The Goldstone Solar System Radar has become a NASA-sponsored facility science instrument for performing scientific observations of nearby asteroids, the surfaces of Venus or Mars, the satellites of Jupiter, and other objects in the solar system. The current instrument is sustained by the resources of the DSN Implementation and Operations Program, but its form is a product of many years of development by the DSN Advanced Systems Program. In the early days of the DSN, the Advanced Systems Program took ownership of the radar capability at the DSN's Goldstone California site and evolved and nurtured it as a vehicle for developing and demonstrating many of the capabilities that would be needed by the Network.
Scientific results abounded as well, but were not its primary product. Timely development of DSN capabilities was the major result. Preparations for a radar observation at the DSN Technology Development Field Site bore many resemblances to those for a spacecraft planetary encounter, since the radar observations could only be successful during the few days when the Earth and the radar target were closest together.
In the conventional formulation of the radar sensitivity equations, that sensitivity depends upon the Aperture, Temperature, Power, and Gain of the system elements. Here, aperture refers to the effective size, or collecting area and efficiency of the receiving antenna, and temperature is a way of referring to the noise in the receiving system, where a lower temperature means a lesser noise; power refers to the raw power level from the transmitter, and gain is the effective gain of the transmitting antenna, which depends in turn upon its size, its surface efficiency, and the frequency of the transmitted signal. Where the same antenna is used to both transmit and receive, the antenna size and efficiency appear twice in the radar equations.
Significant improvements to the DSN's capability for telemetry reception were to come from the move upward in frequency from S-band (2 GHz) to X-band (8 GHz) on the large 64-m antennas. Performance of these antennas at the higher frequencies and the ability to successfully point them were uncertain, however, and these uncertainties would best be removed by radar observations before the first spacecraft with X-band capabilities were launched. The radar had obvious benefit from the large antenna and the higher frequency. The first flight experiment for X-band was scheduled to be on MVM 73. Successful radar observations from the Goldstone 64-m antenna demonstrated that the challenge of operating the large antennas at the higher X-band frequency could be surmounted.
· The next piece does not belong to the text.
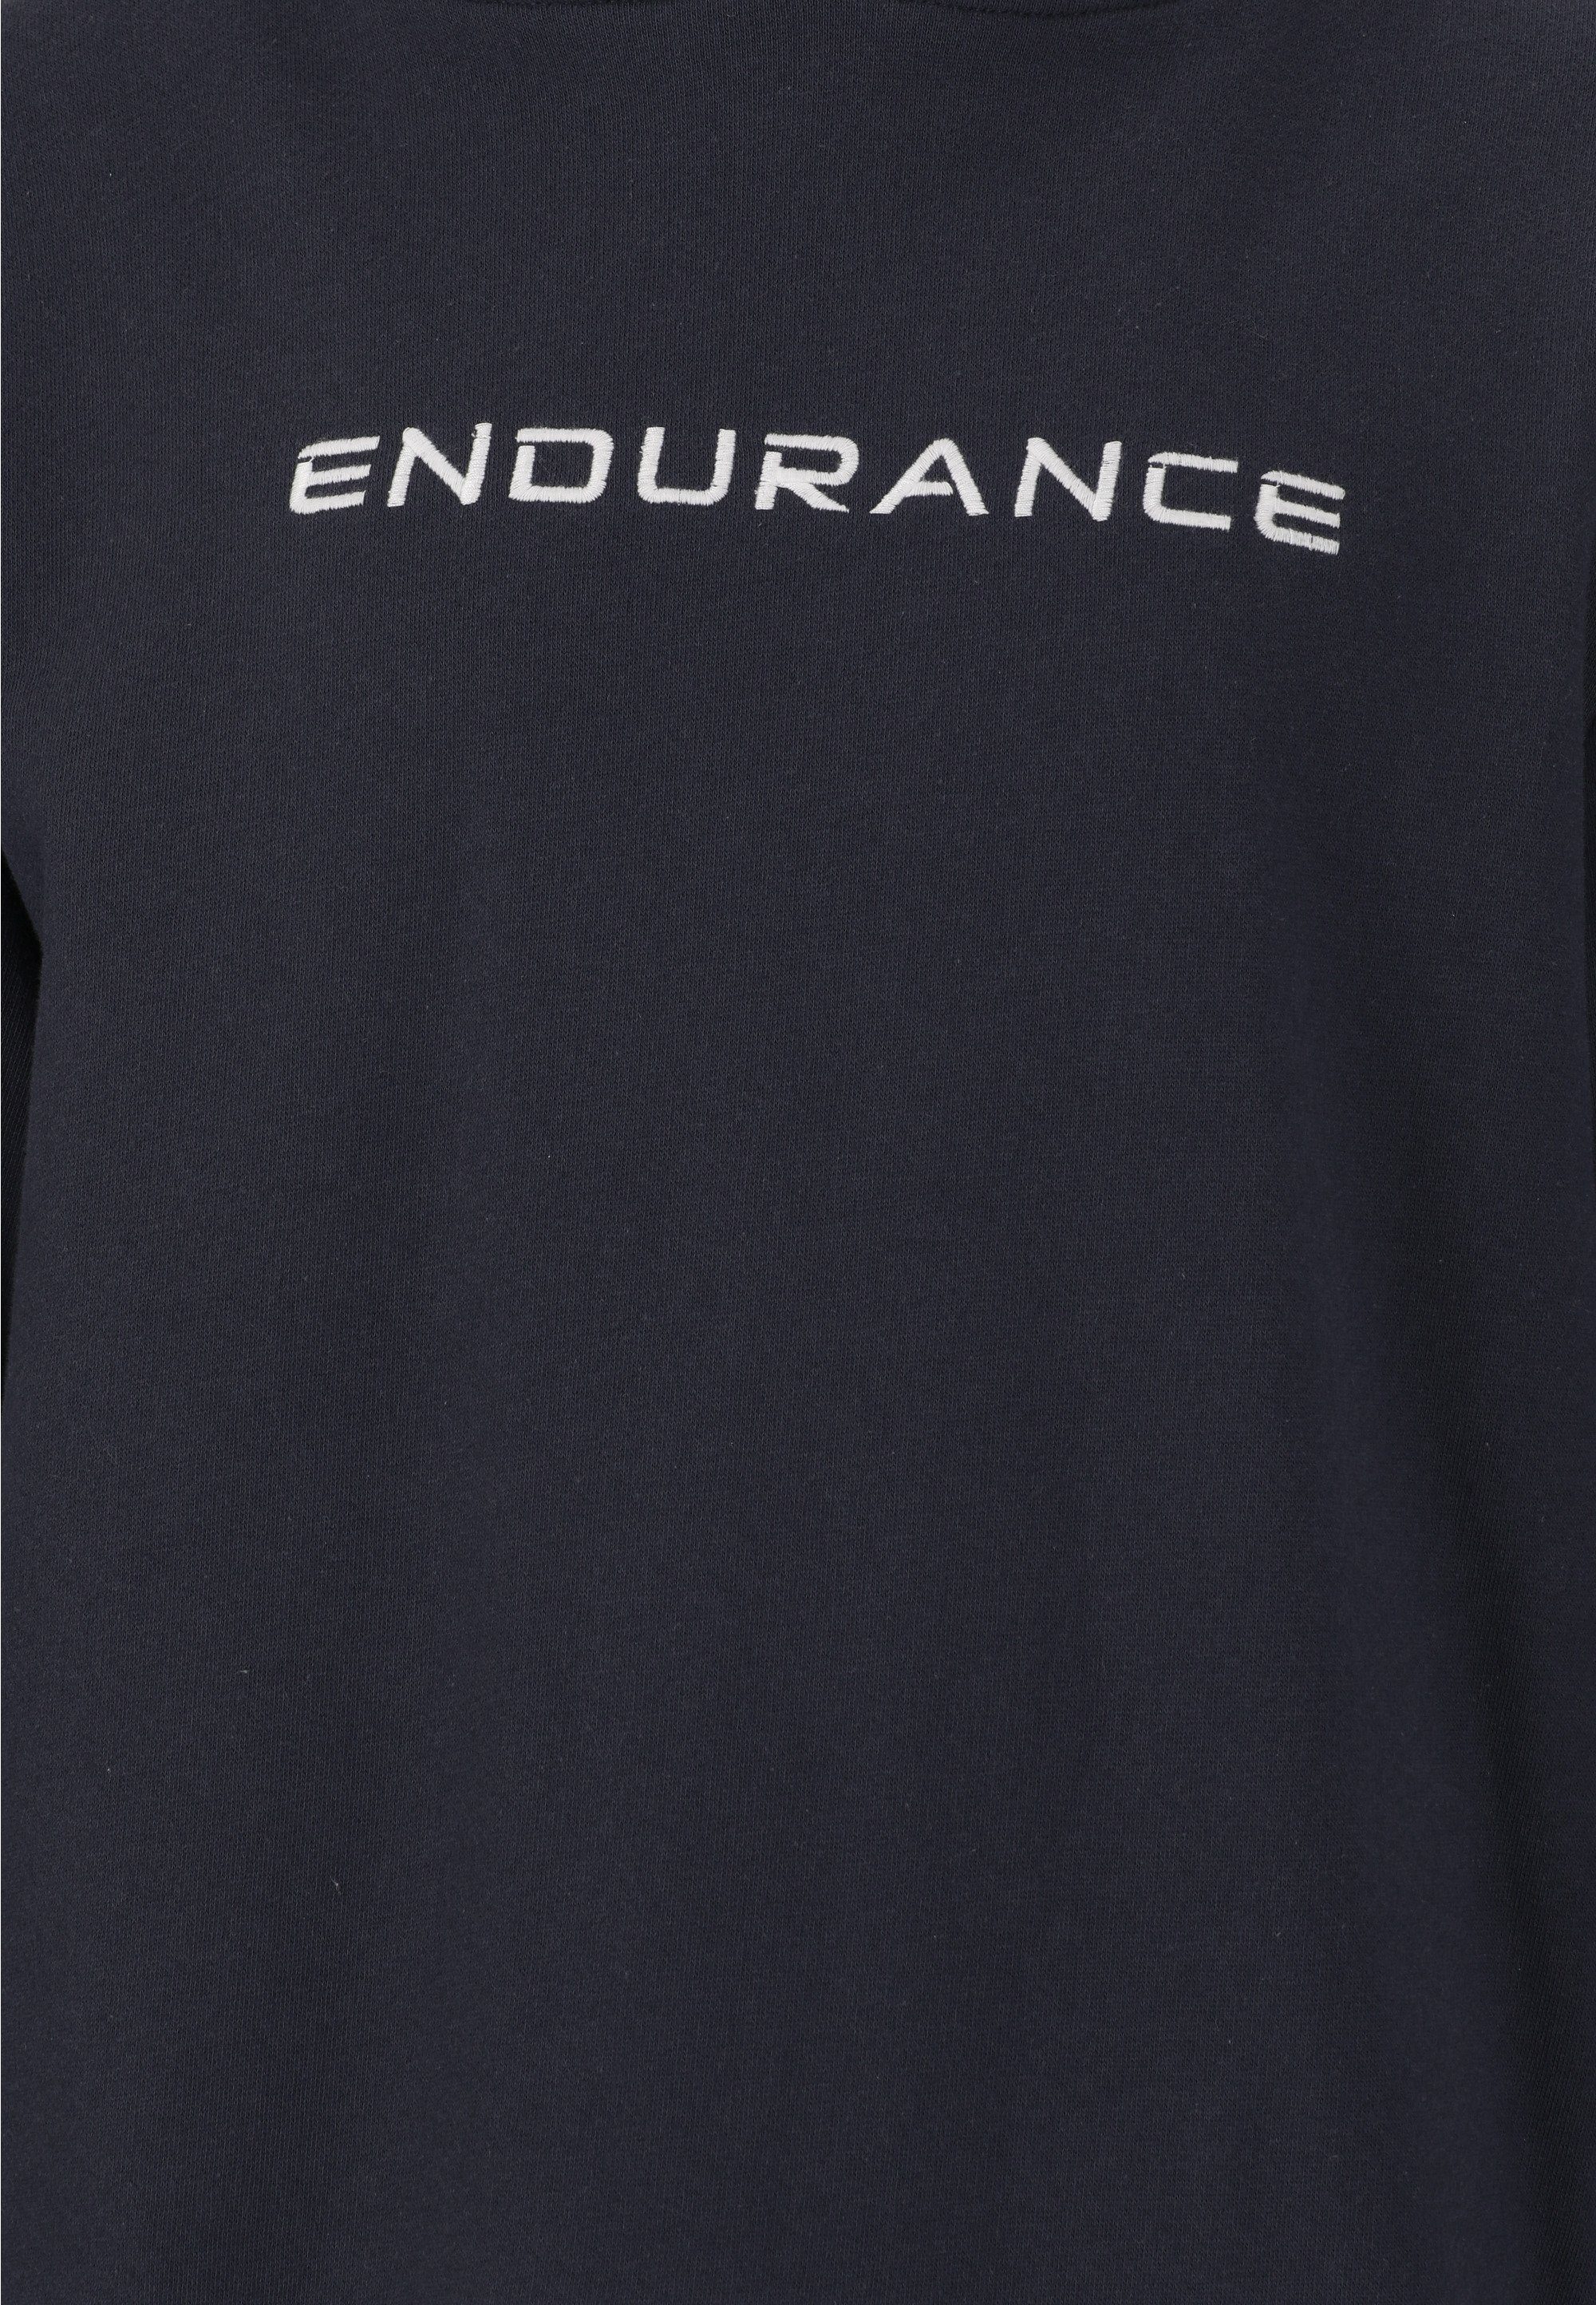 ENDURANCE Sweatshirt Glakrum mit sportlichem Markenprint

High-power transmitters were needed by the DSN for its emergency forward-link functions, but were plagued by problems such as arcing in the waveguide path when power densities became too high. High-power transmitters were essential for the radar to "see" at increased distances and with increased resolution. Intense development efforts at the DSN Technology Development Field Site could take place without interference or risk to spacecraft support in the Network. Successful resolution of the high-power problems for the radar under the Advanced Systems Program became the successful implementation of the high-power capability needed by the Network.
Low-noise amplifiers were needed by the DSN to increase data return from distant spacecraft. Low-noise amplifiers were essential for the radar to enable it to detect echoes from increasingly distant targets or to provide for increased resolution of already detectable targets. The appetite of the radar system for increasingly lower noise levels provided a motivator for the Advanced Systems Program to develop the extremely low-noise TWM amplifiers that would be transferred for implementation throughout the DSN.
Digital systems technology was rapidly evolving during this period and would play an increasing role in the developing DSN. Equipment developed by the Advanced Systems Program for its radar application included (1) digital encoders to provide for spatial resolution of parts of the radar echo, (2) computer-driven programmable oscillators to accommodate Doppler effects on the signal path from Earth-to-target-to-Earth, and (3) complex high-speed digital signal processing and spectrum analysis equipment. Much of the digital technology learned this way would transfer quickly to other parts of the signal processing work under the Advanced Systems Program and eventually into the operational DSN. Some of the elements would find direct application, such as the programmable oscillators, which became essential for maintaining contact with the Voyager 2 spacecraft, following a partial failure in its receiver soon after launch. And the signal analysis tools would be called on many times over the years to help respond to spacecraft emergencies.
Some of the products of the early radar observations (see adjacent Figure) were both scientific in nature and essential for providing information for the planning and execution of NASA's missions. One notable "first" is the direct measurement of the astronomical unit (AU), which is the mean orbital radius of the Earth, and, it sets the scale size for the distances in the solar system. The measurement was made in support of preparations for Mariner 2 to Venus and provided a correction of 66,000 km from conventional belief at that time. It also allowed corrections that brought the mission into the desired trajectory for its close flyby of the planet. The radar system was also used in qualifying potential Mars landing sites for the Viking landers, and continues to provide information about the position and motion of the planets, which is used to update the predicted orbits for the planets of the solar system.